* **Input material**:

──────────────────────────────

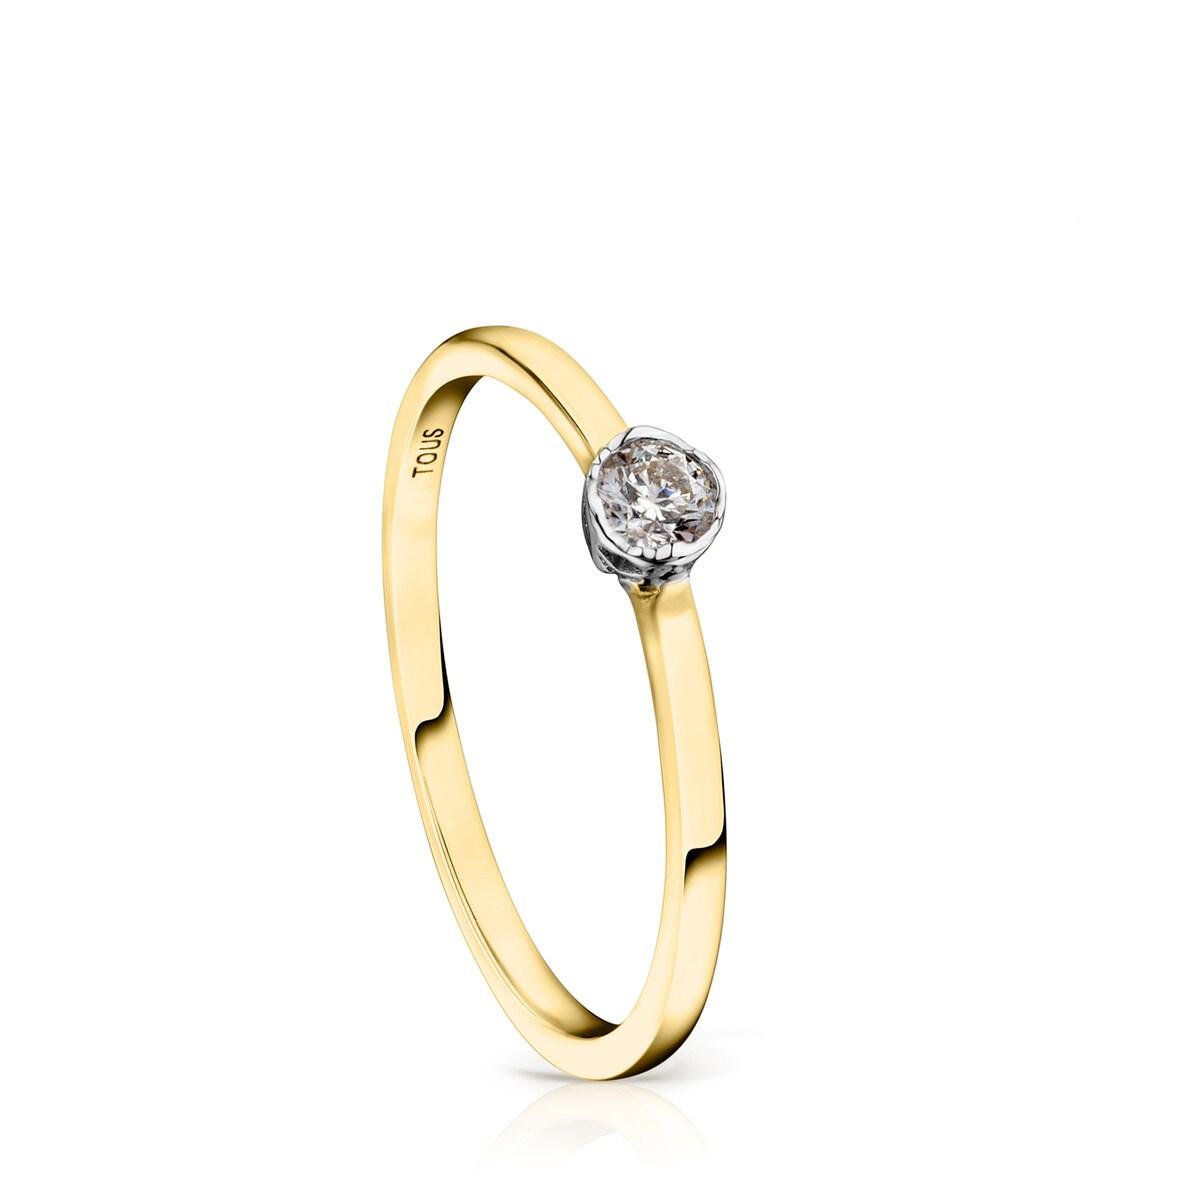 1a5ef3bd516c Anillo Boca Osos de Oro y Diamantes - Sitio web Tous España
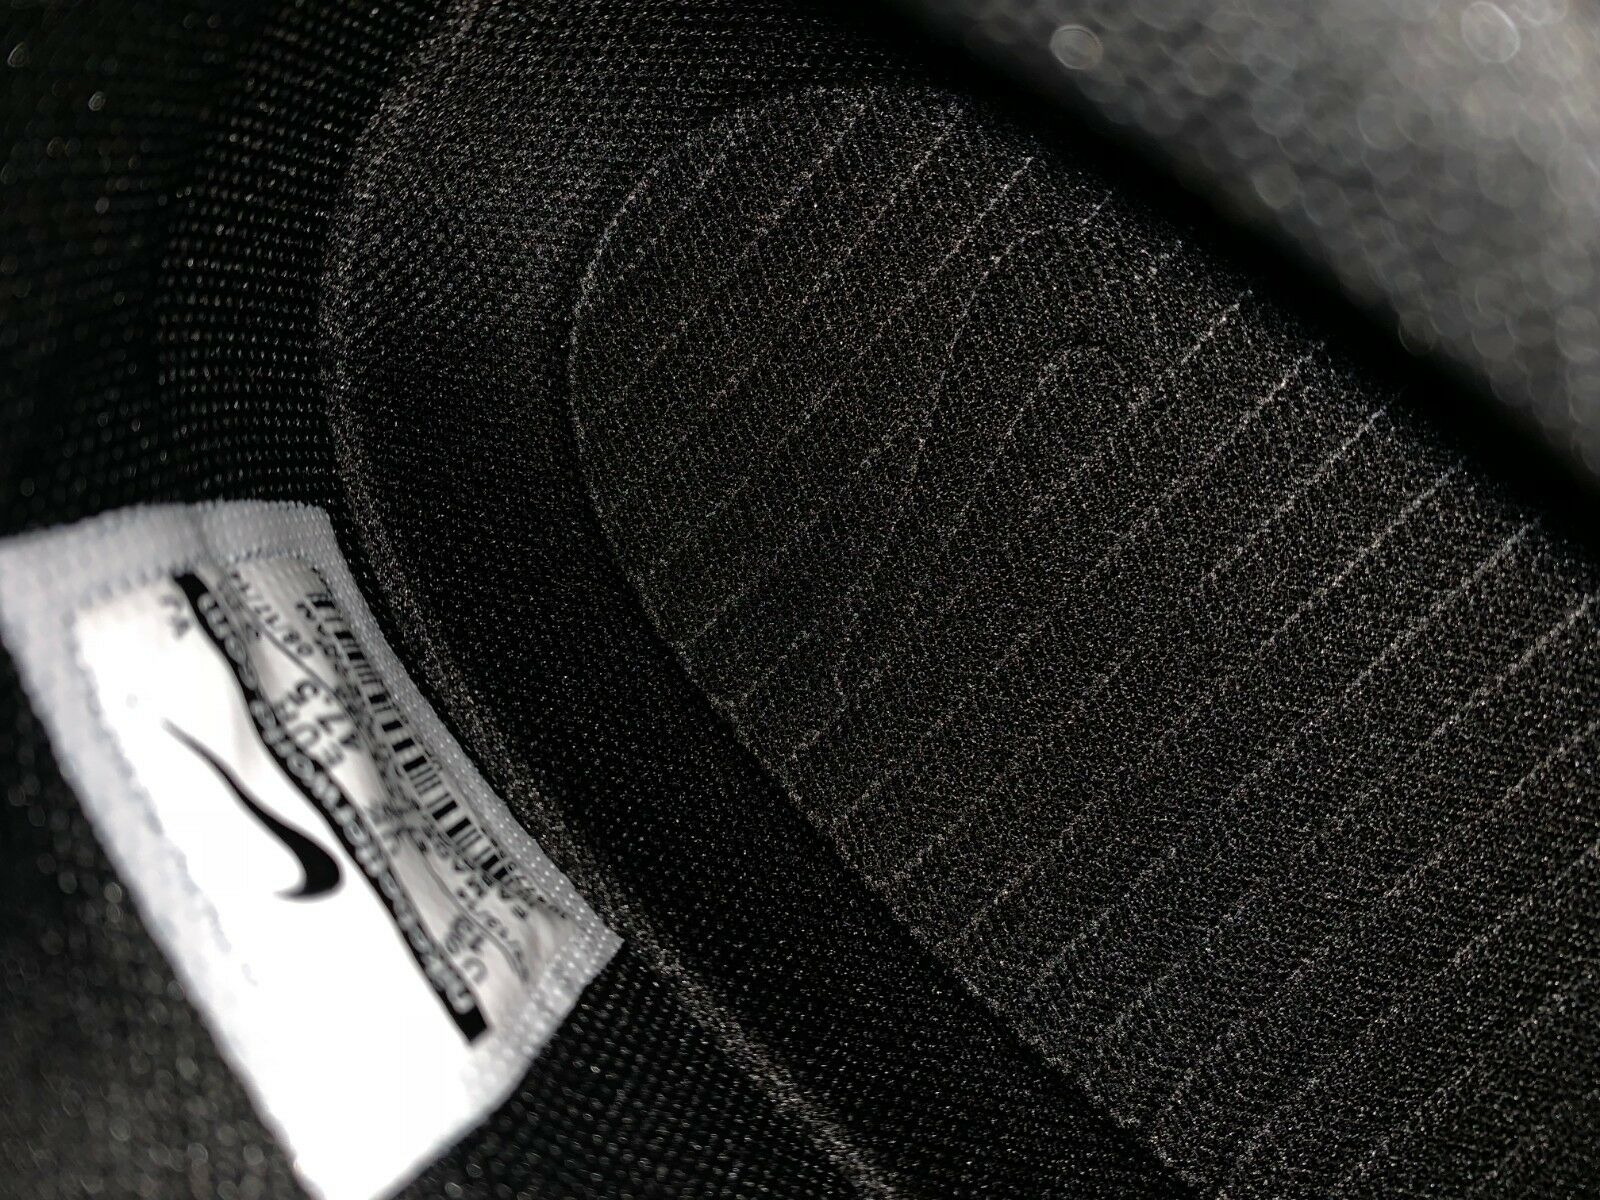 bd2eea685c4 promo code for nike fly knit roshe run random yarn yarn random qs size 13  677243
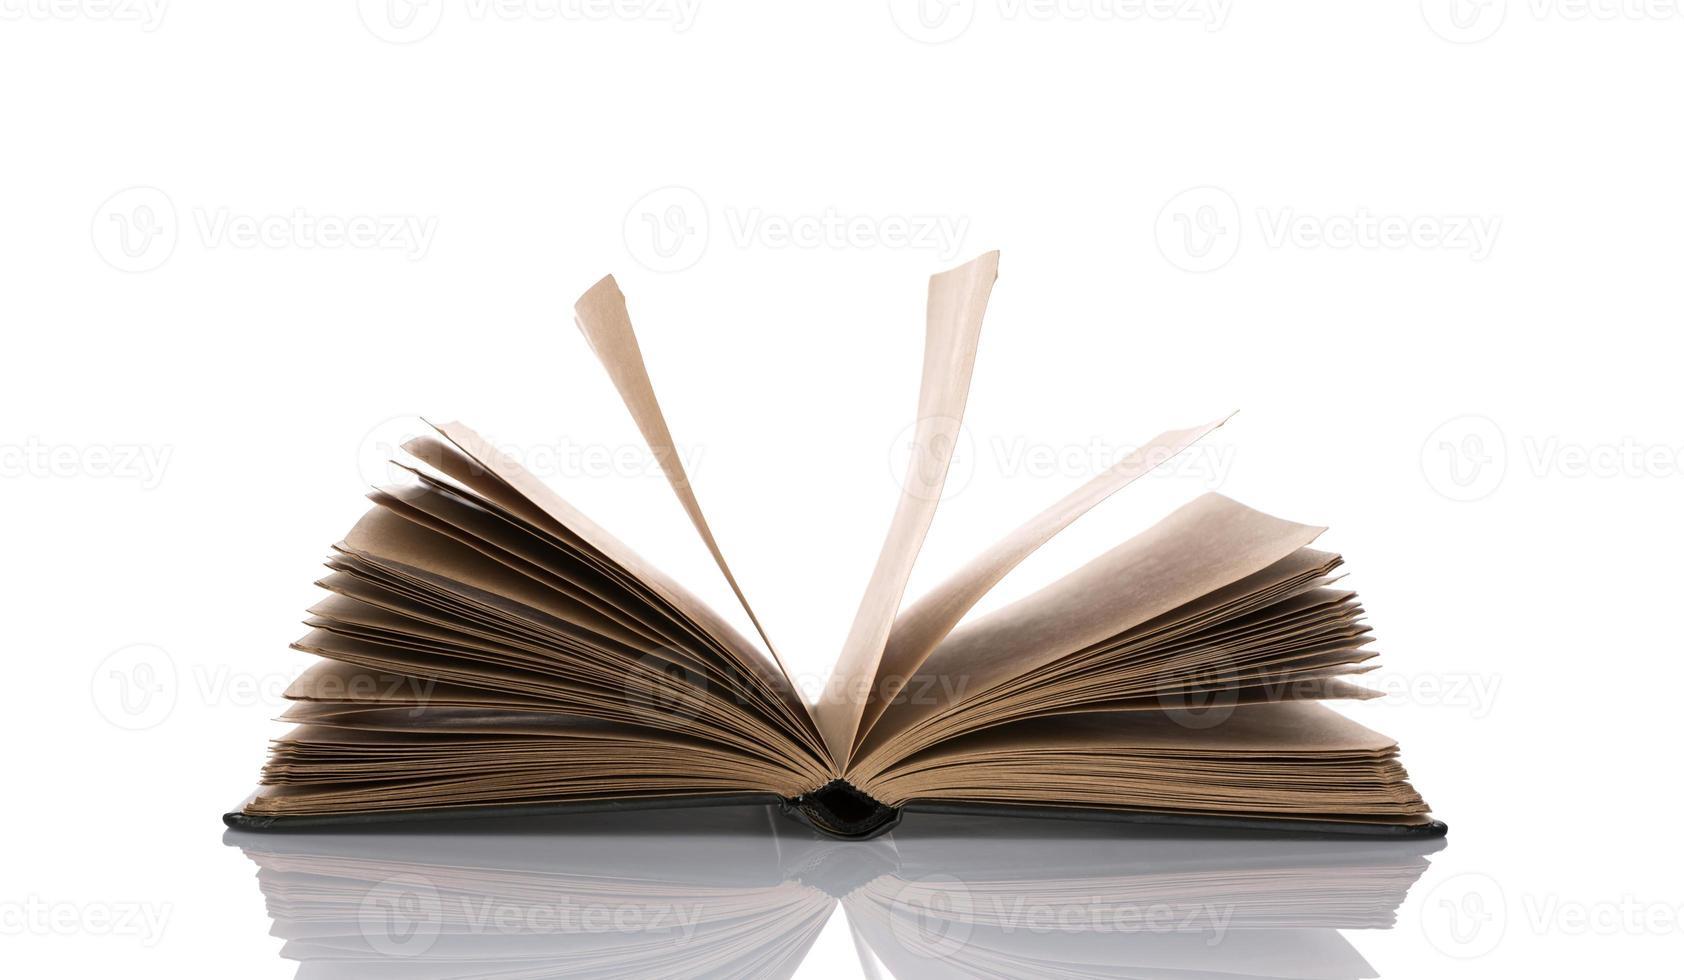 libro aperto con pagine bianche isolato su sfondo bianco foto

──────────────────────────────

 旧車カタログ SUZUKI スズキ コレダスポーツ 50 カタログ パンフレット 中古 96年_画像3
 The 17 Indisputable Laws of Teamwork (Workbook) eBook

──────────────────────────────

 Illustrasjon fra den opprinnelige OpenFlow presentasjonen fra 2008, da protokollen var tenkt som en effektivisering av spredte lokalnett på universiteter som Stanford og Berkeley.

──────────────────────────────

* **Work required**: Reproduce verbatim the lines above, from the line with "旧車カタログ SUZUKI スズキ" through the line with "The 17 Indisputable".

* **Answer box**:
 旧車カタログ SUZUKI スズキ コレダスポーツ 50 カタログ パンフレット 中古 96年_画像3
 The 17 Indisputable Laws of Teamwork (Workbook) eBook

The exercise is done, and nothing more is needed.